NS30: The scarecrow

This is a song – only the second I’ve done on 52fs – from Lal and Mike Waterson’s extraordinary album Bright Phoebus.

It’s an extraordinary song, which has been widely covered. My own interpretation was initially influenced strongly by Tony Capstick, who did the song unaccompanied and gave it a very strong rhythmic framework. The metre of the song is irregular, but in the original version the uneven lines are draped over a steady, unchanging backing; Capstick’s version brings that irregularity into the melody. This makes for a powerful and striking song – which I recorded, more or less as Capstick sang it, over here. But after a while I grew intrigued by the original version, which after all doesn’t lack for power: you have a gentle, lilting melody, Mike Waterson’s matter-of-fact delivery, and… this song. How did they do it? Perhaps simply by letting the song do the talking. That’s what I’ve tried to do here.

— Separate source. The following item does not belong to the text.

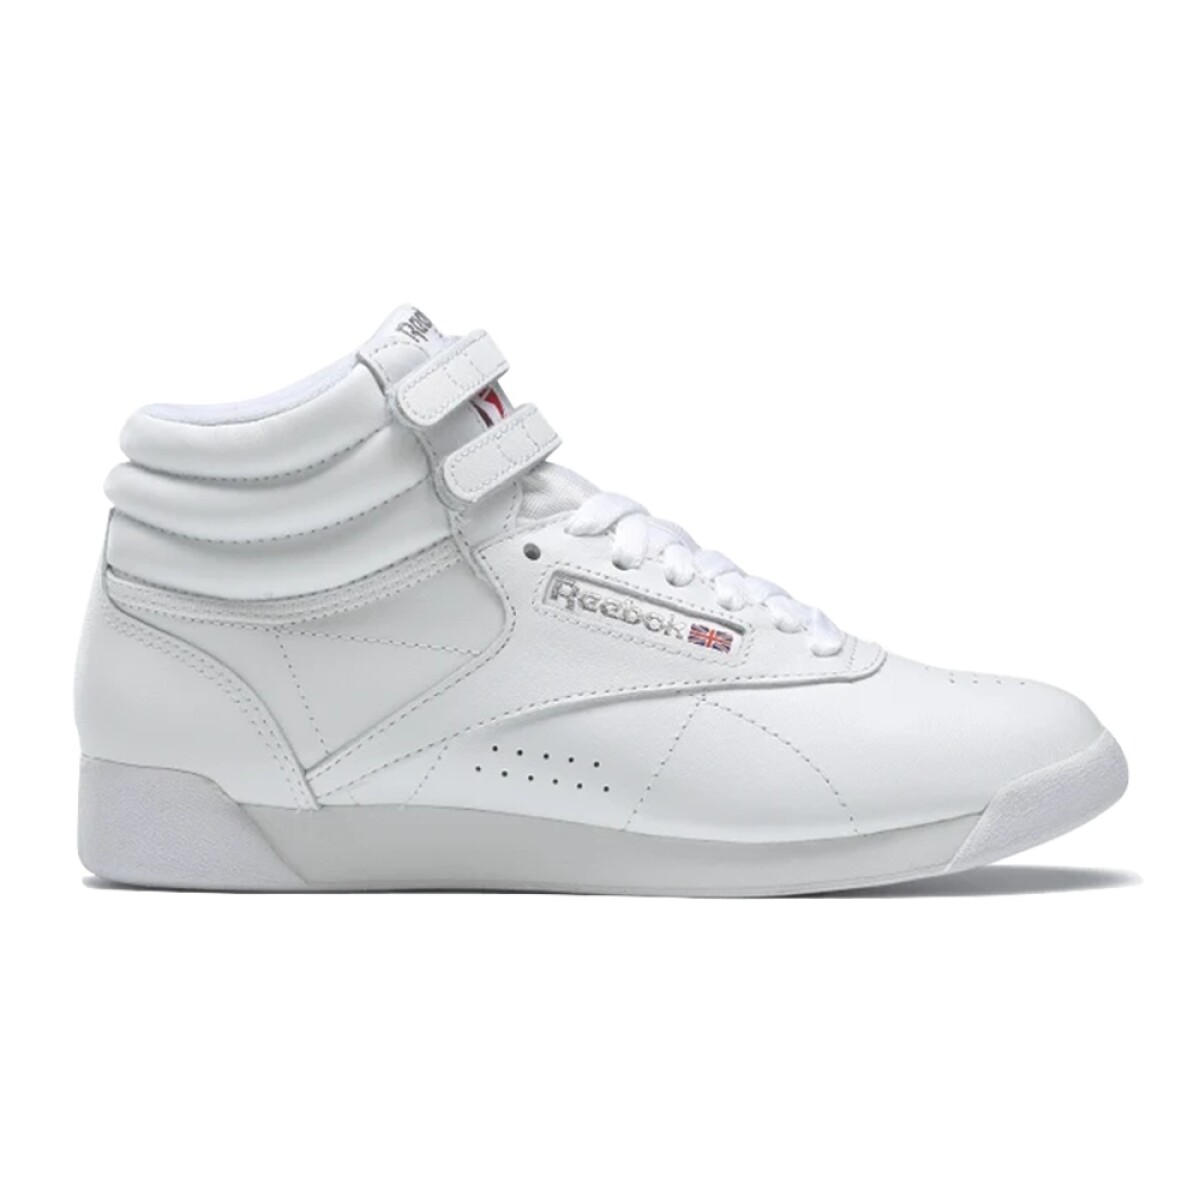 Championes Reebok Mujer Freestyle High Classic 2431 Casual - Blanco 
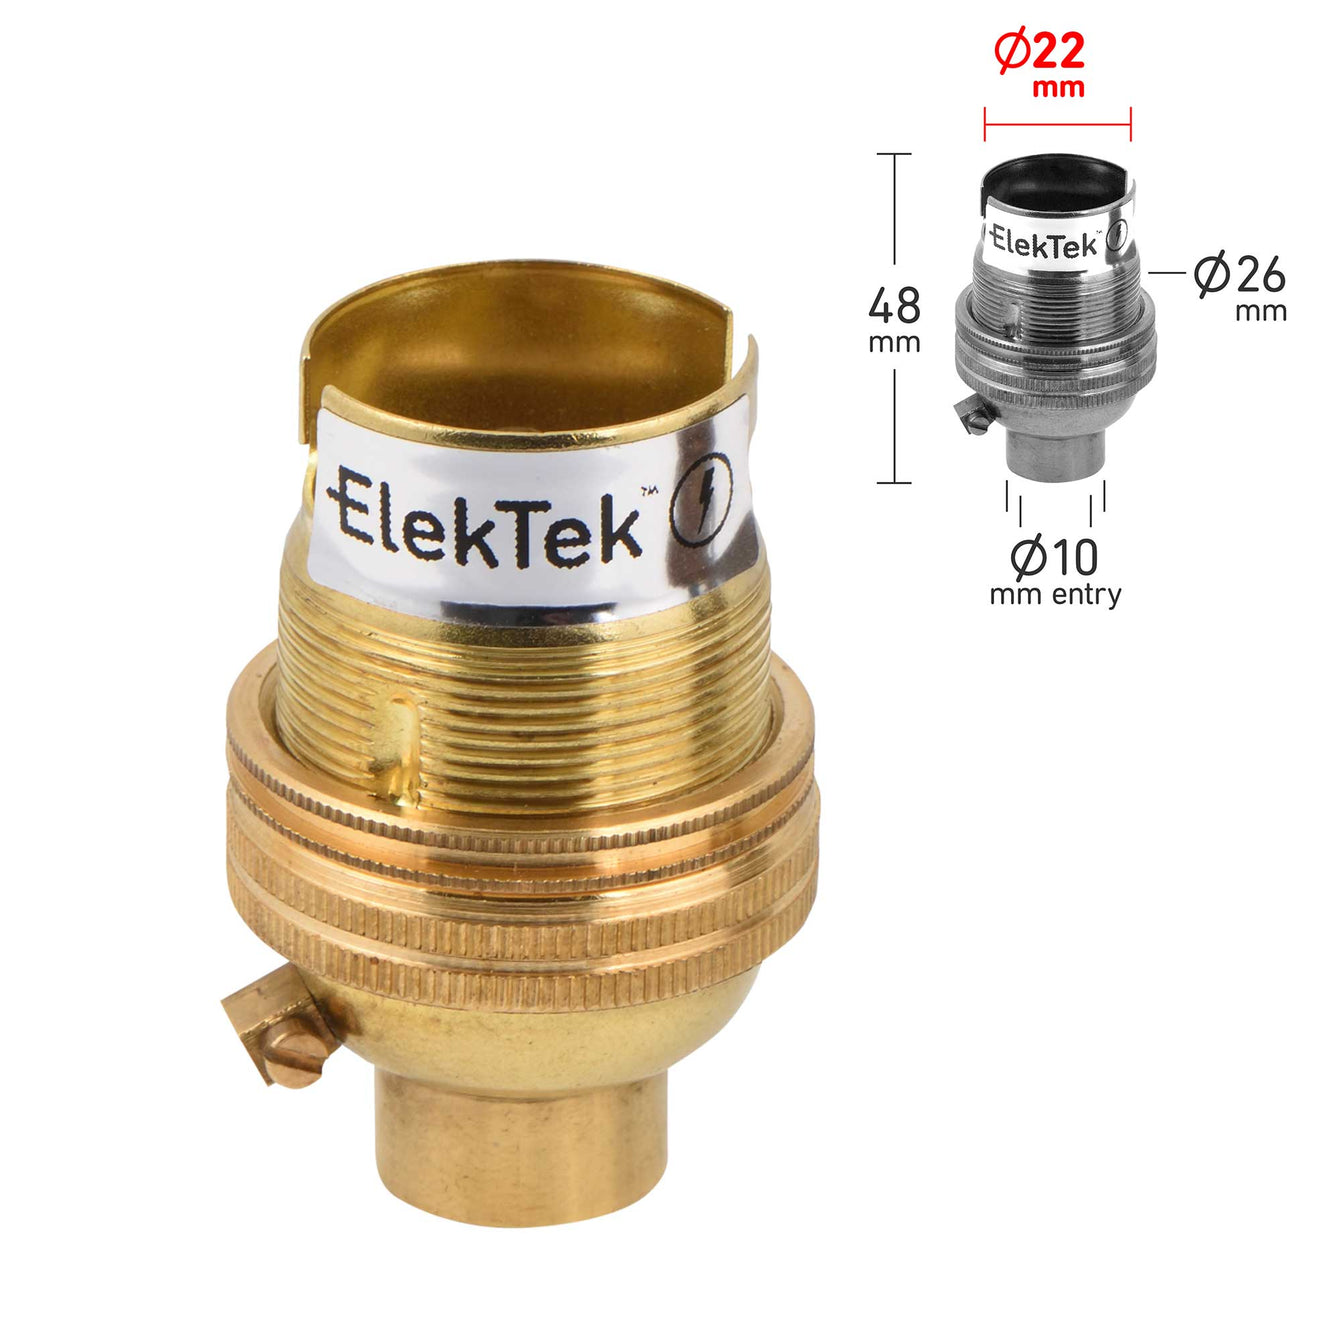 ElekTek Lamp Holder Bayonet Cap B22 Unswitched 10mm or Half Inch Entry With Shade Ring Solid Brass - Buy It Better Antique Brass / 10mm

The first two verses were written by Lal Waterson, who got stuck at that point; the last verse, with its jolly dons and their fertility ritual, was added by Mike. What it all means is anybody’s guess. If her songs are anything to go by, the inside of Lal Waterson’s head was sometimes a bad place to be. I like to think this one’s about the folk song revival: as if to say, “you want old? you want pagan? is this what you want?”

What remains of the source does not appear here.